Exercise: Copy all the lines of the listing below exactly. Skip the images.

(Beginning of Dataset section)

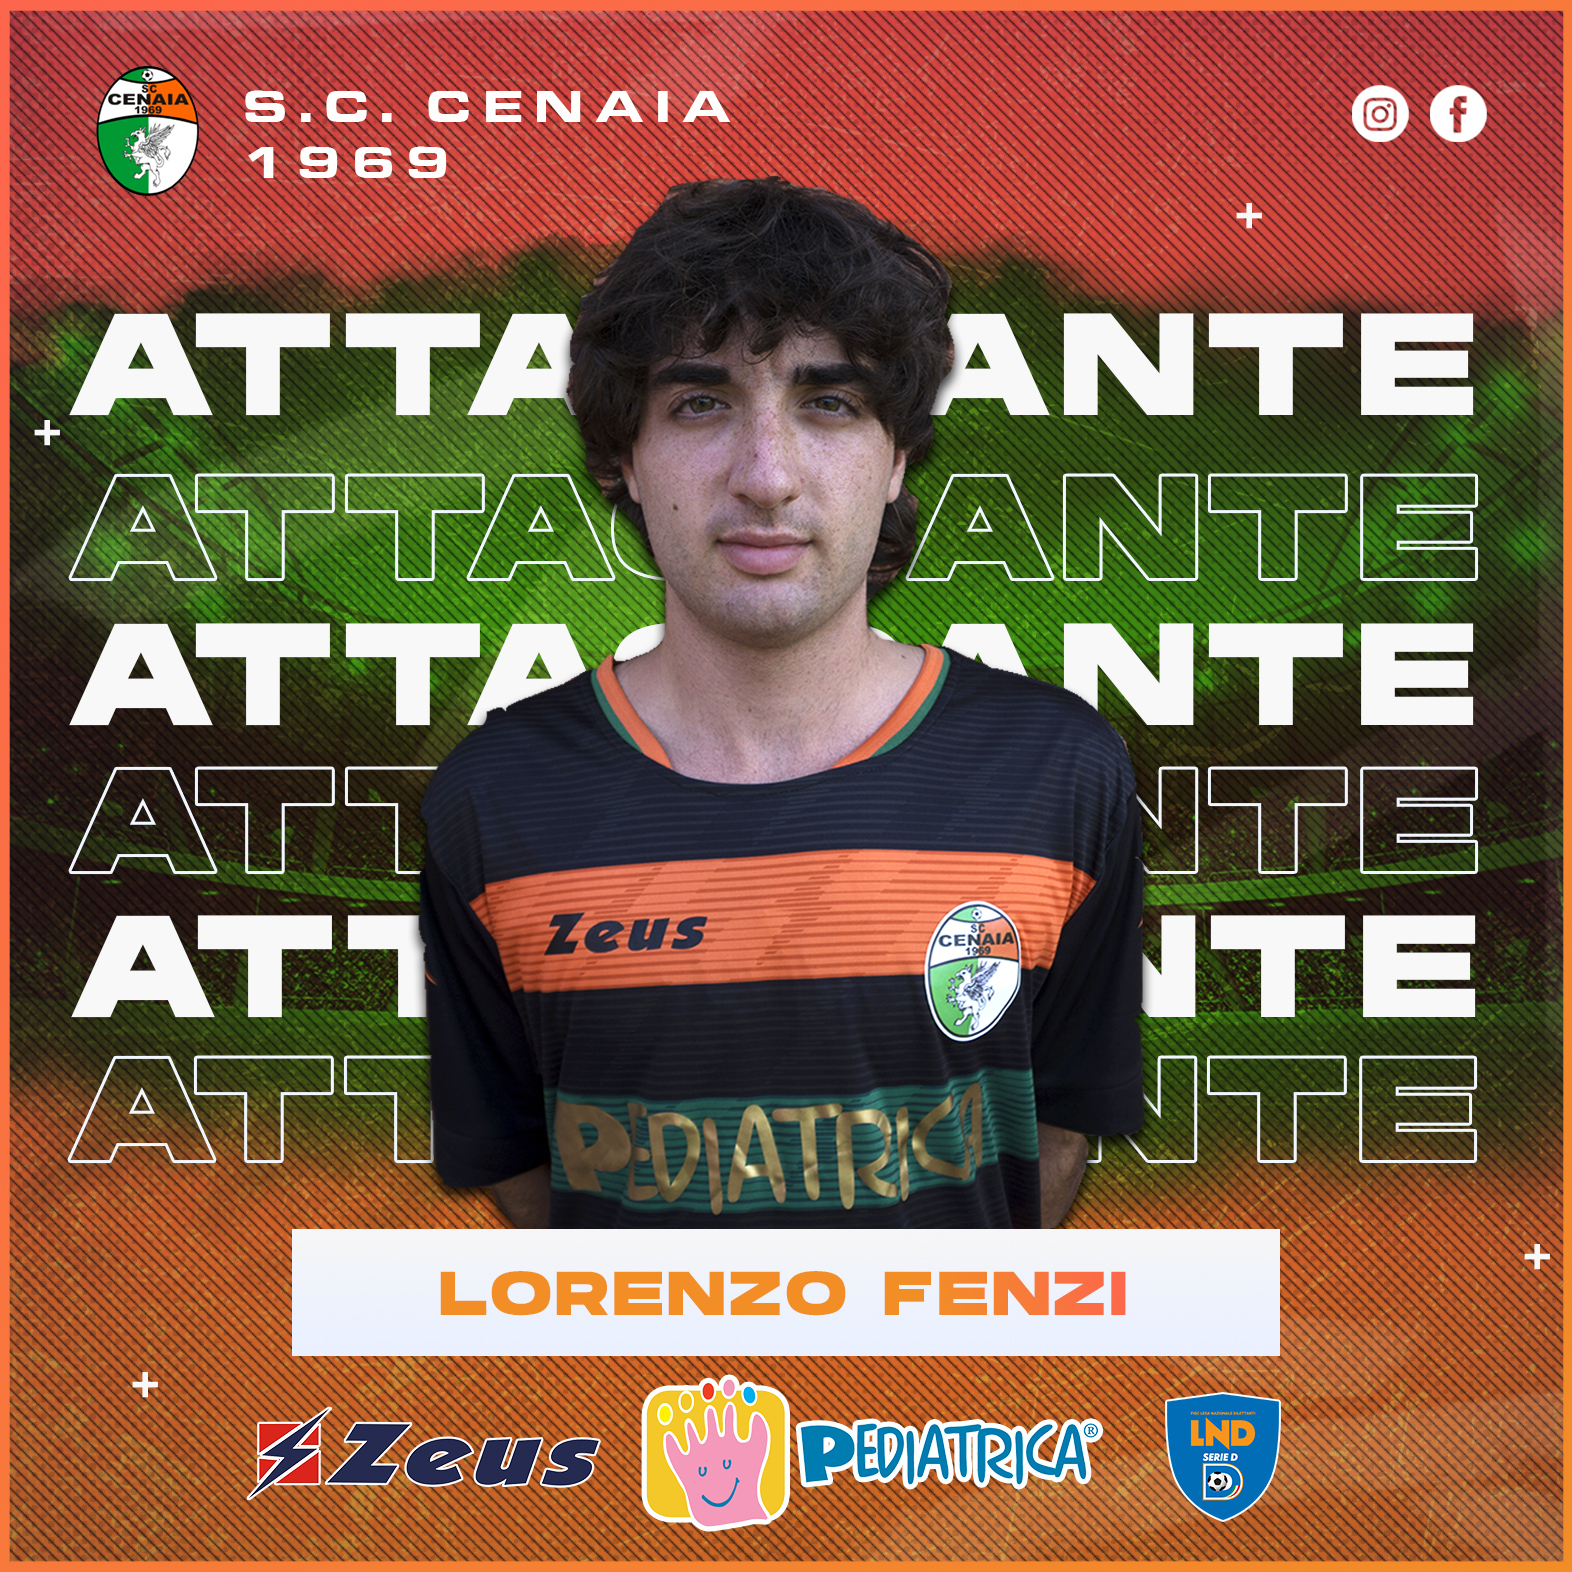 Lorenzo Fenzi
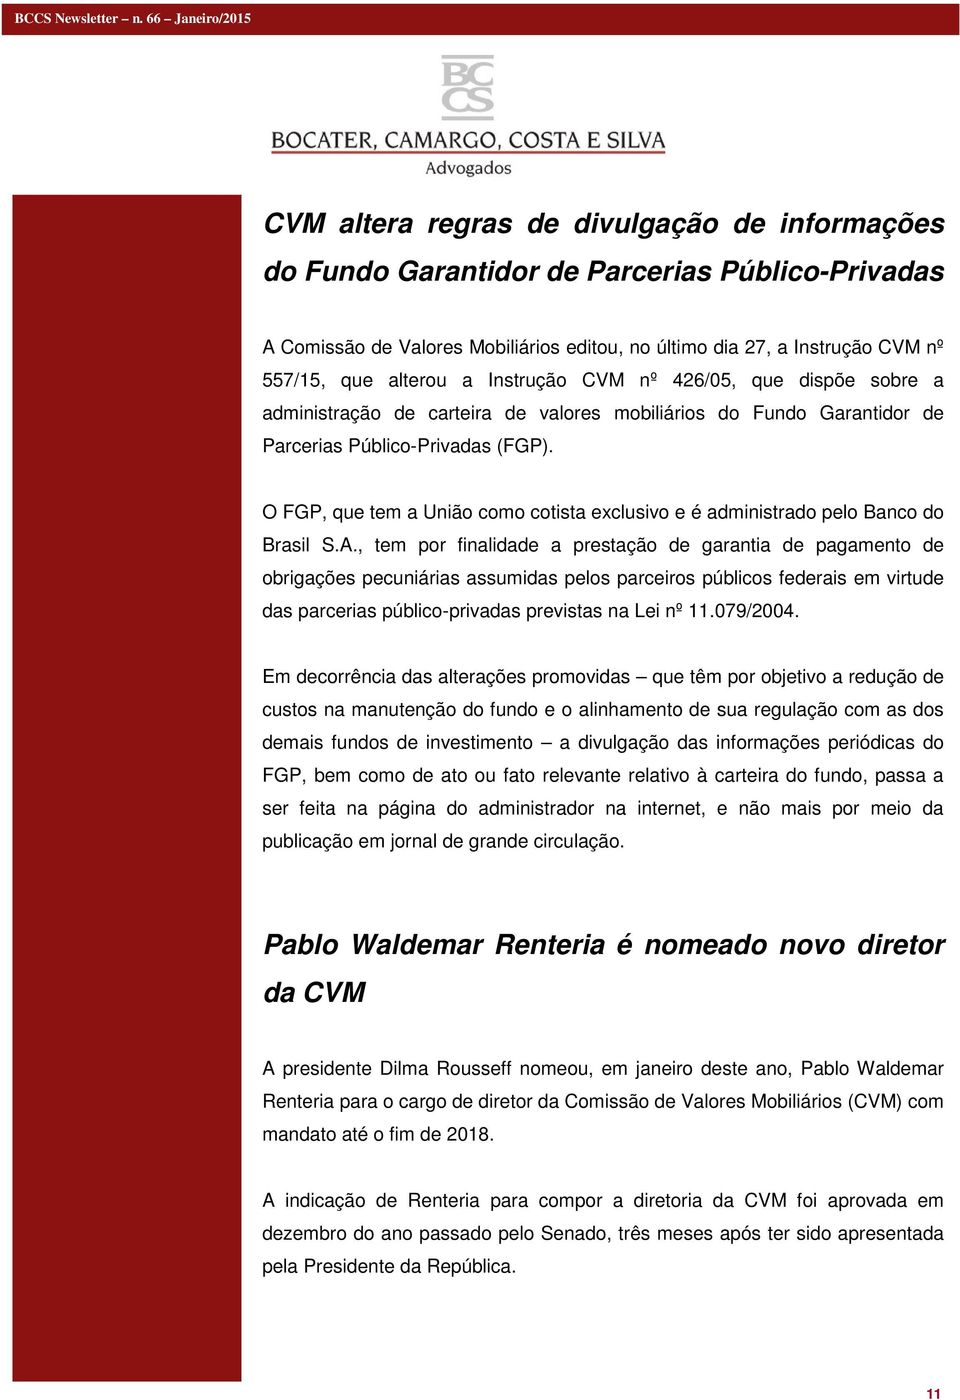 O FGP, que tem a União como cotista exclusivo e é administrado pelo Banco do Brasil S.A.
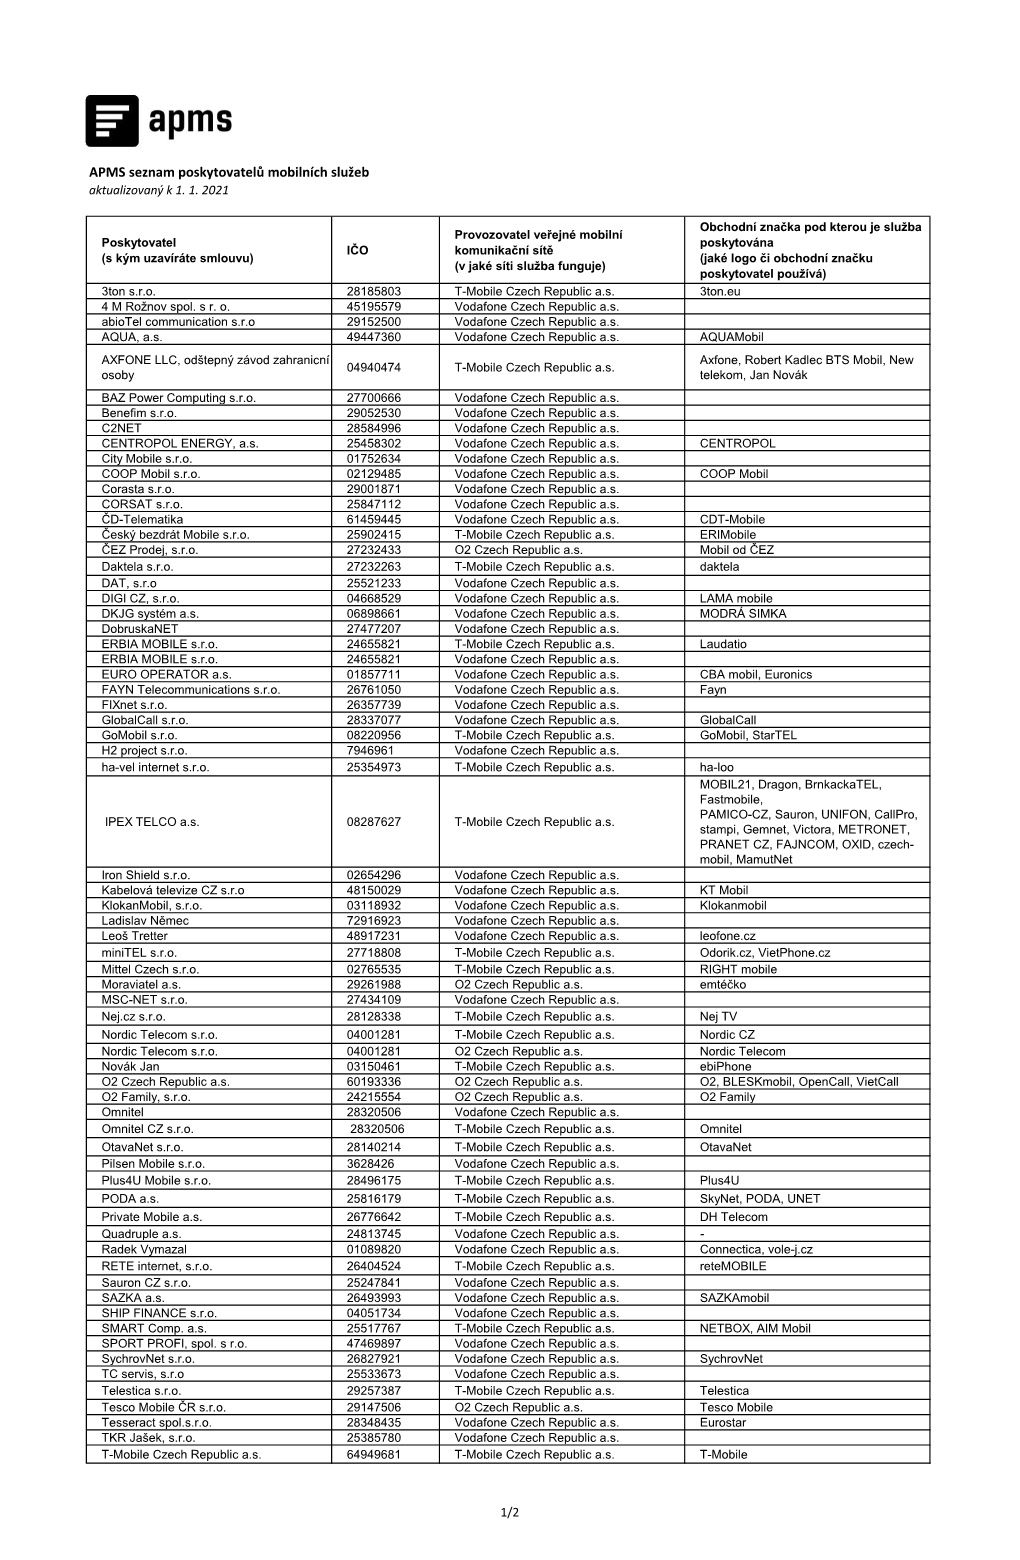 APMS Seznam Poskytovatelů Mobilních Služeb Aktualizovaný K 1

(End of Dataset section)

Written response:
 Lorenzo Fenzi
 O FGP, que tem a União como cotista exclusivo e é administrado pelo Banco do Brasil S.A.
 APMS Seznam Poskytovatelů Mobilních Služeb Aktualizovaný K 1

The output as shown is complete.